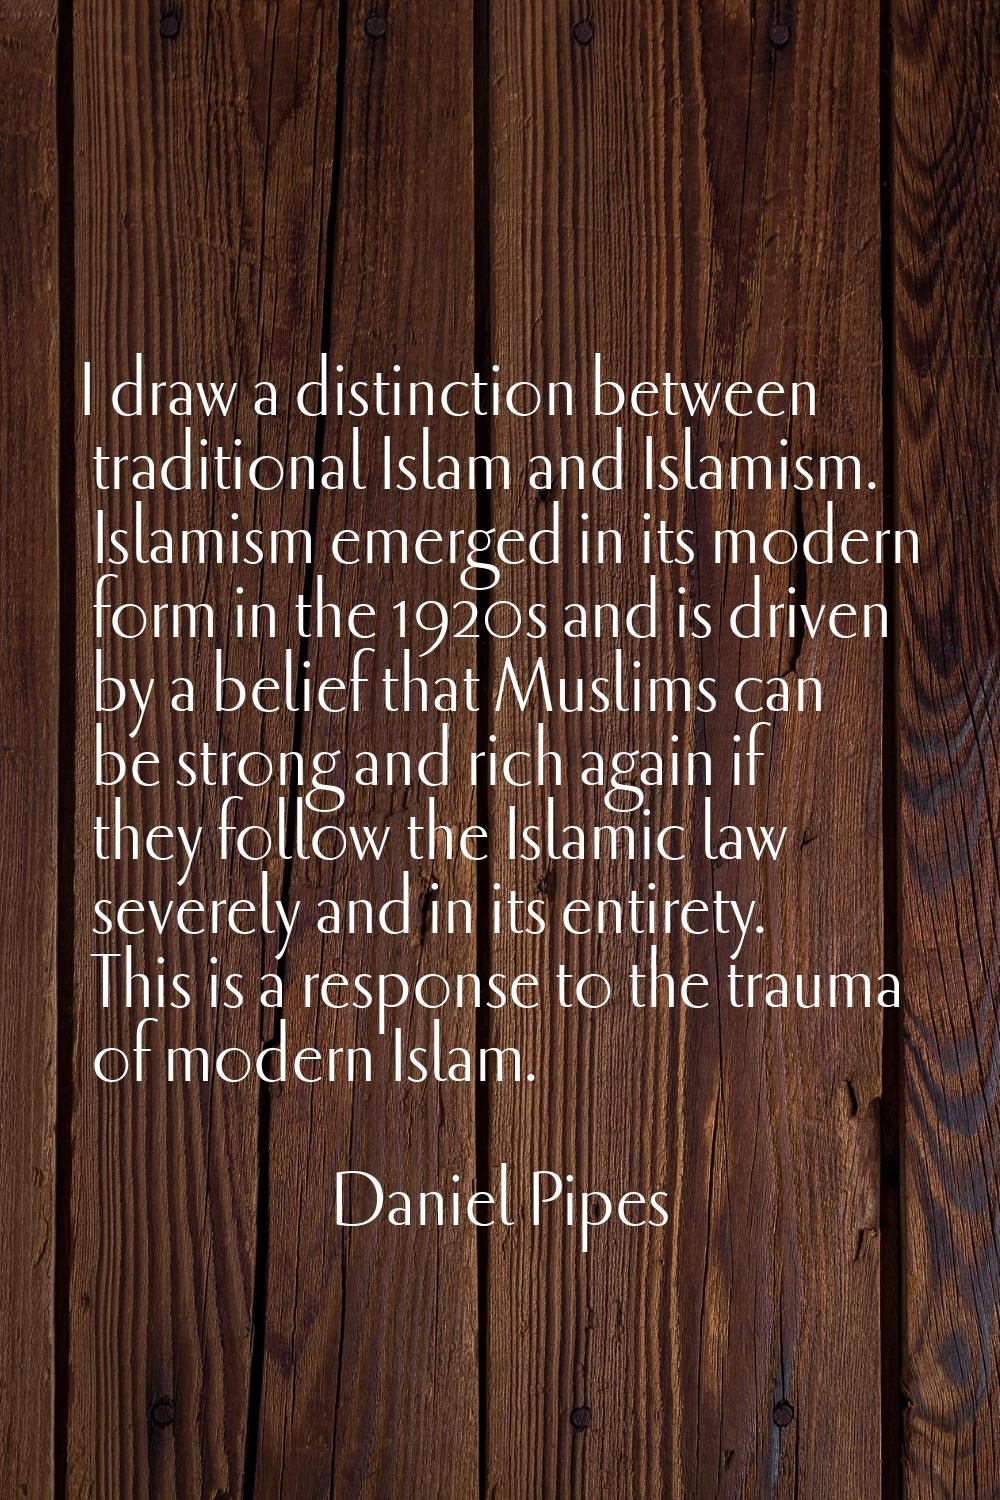 I draw a distinction between traditional Islam and Islamism. Islamism emerged in its modern form in
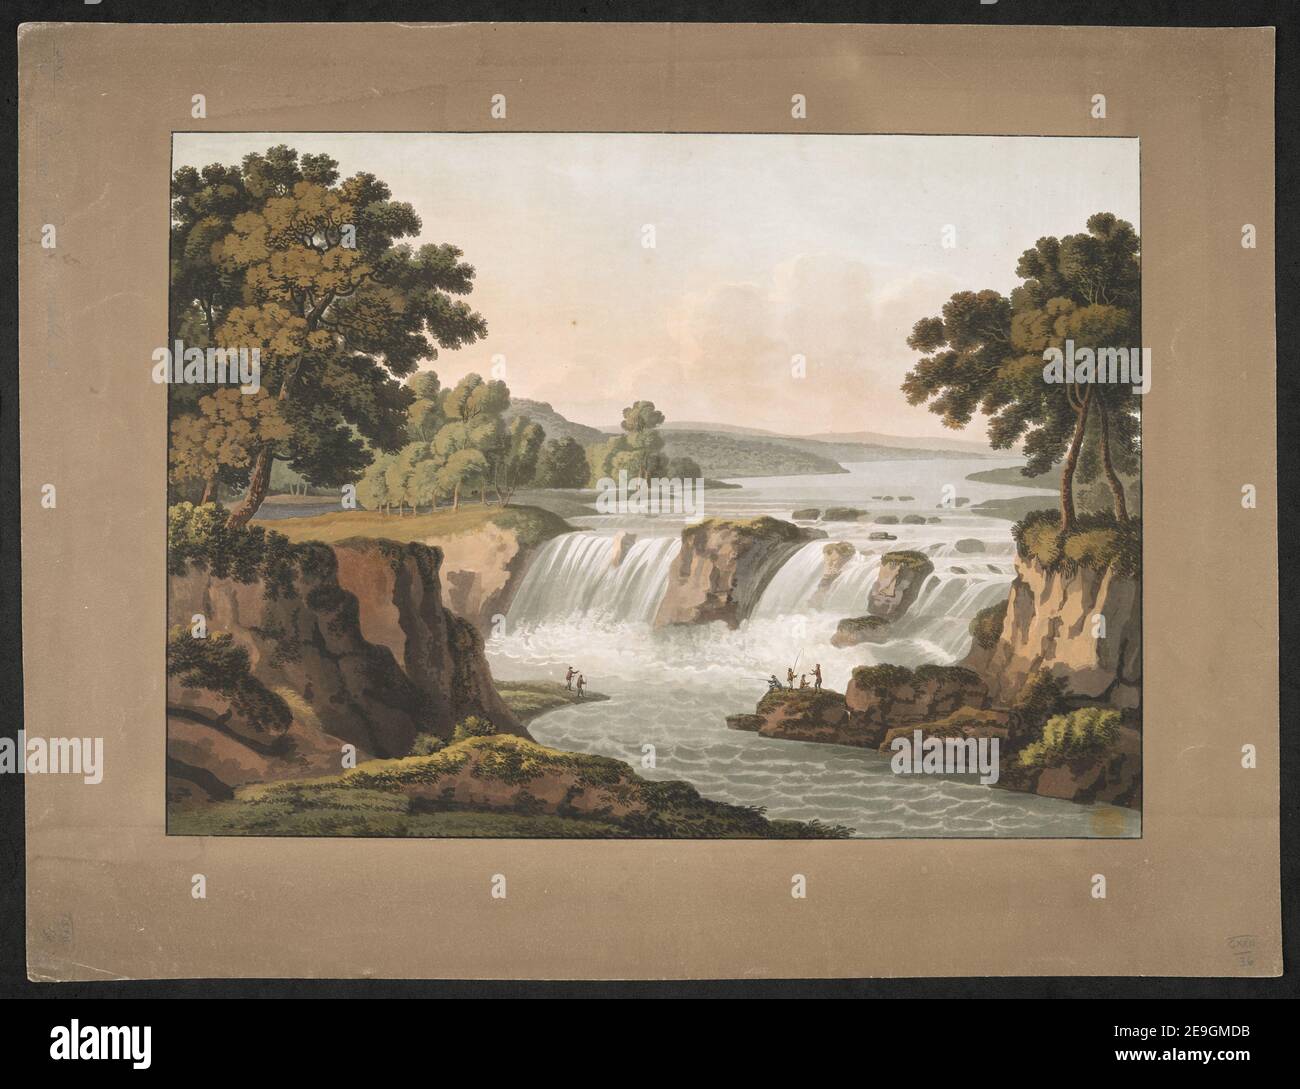 Great Falls of the Potomac . Author  Cartwright, Thomas 122.36.11.tab.PORTFOLIO. Place of publication: [London and Philadelphia] Publisher: [Atkins , Nightingale] Date of publication: [January 1 1802]  Item type: 1 print Medium: hand-coloured aquatint and etching Dimensions: sheet 41.6 x 57.8 cm (trimmed below platemark), on support 56.3 x 74.2 cm  Former owner: George III, King of Great Britain, 1738-1820 Stock Photo
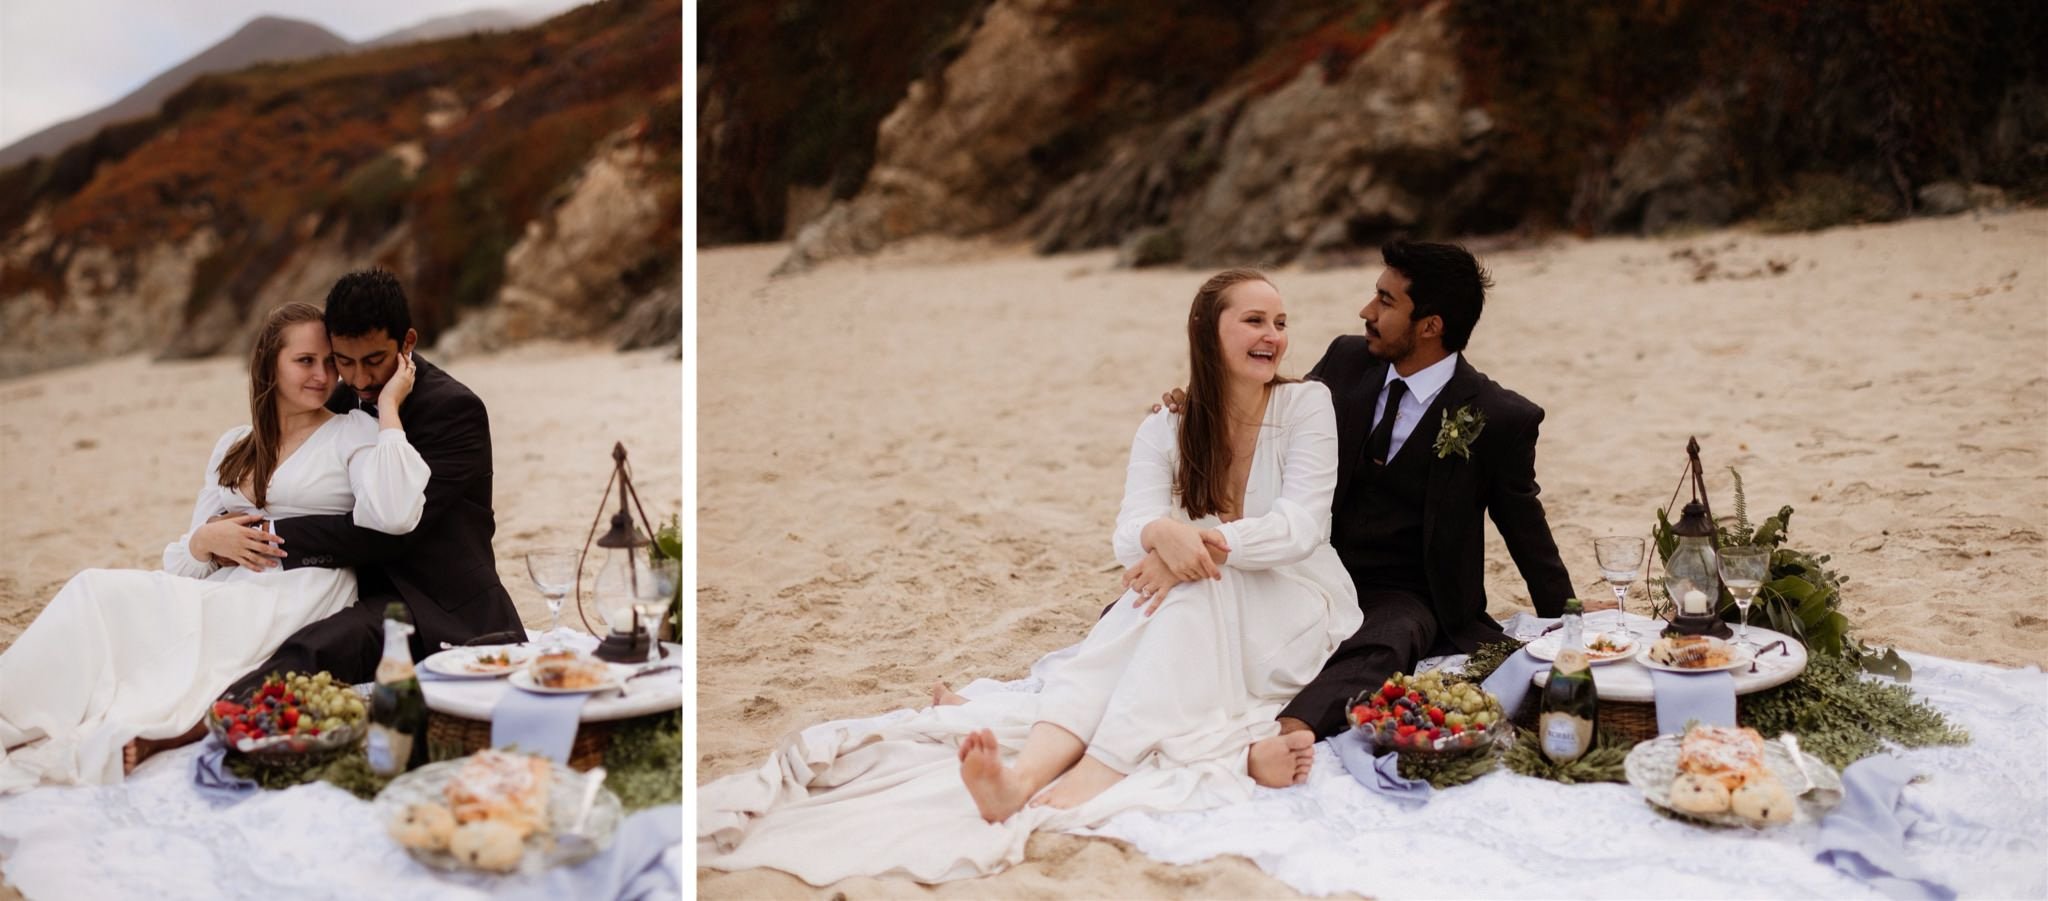 126_Two-Day Big Sur Redwoods Elopement with Family_Will Khoury Elopement Photographer.jpg

_Task objective_:
Print exactly, and only, the lines from the one with "Great Falls of" through the last line of the listing above. No pictures belong in the copy.

_Answer to this exercise_:
 Great Falls of the Potomac . Author  Cartwright, Thomas 122.36.11.tab.PORTFOLIO. Place of publication: [London and Philadelphia] Publisher: [Atkins , Nightingale] Date of publication: [January 1 1802]  Item type: 1 print Medium: hand-coloured aquatint and etching Dimensions: sheet 41.6 x 57.8 cm (trimmed below platemark), on support 56.3 x 74.2 cm  Former owner: George III, King of Great Britain, 1738-1820 Stock Photo
 126_Two-Day Big Sur Redwoods Elopement with Family_Will Khoury Elopement Photographer.jpg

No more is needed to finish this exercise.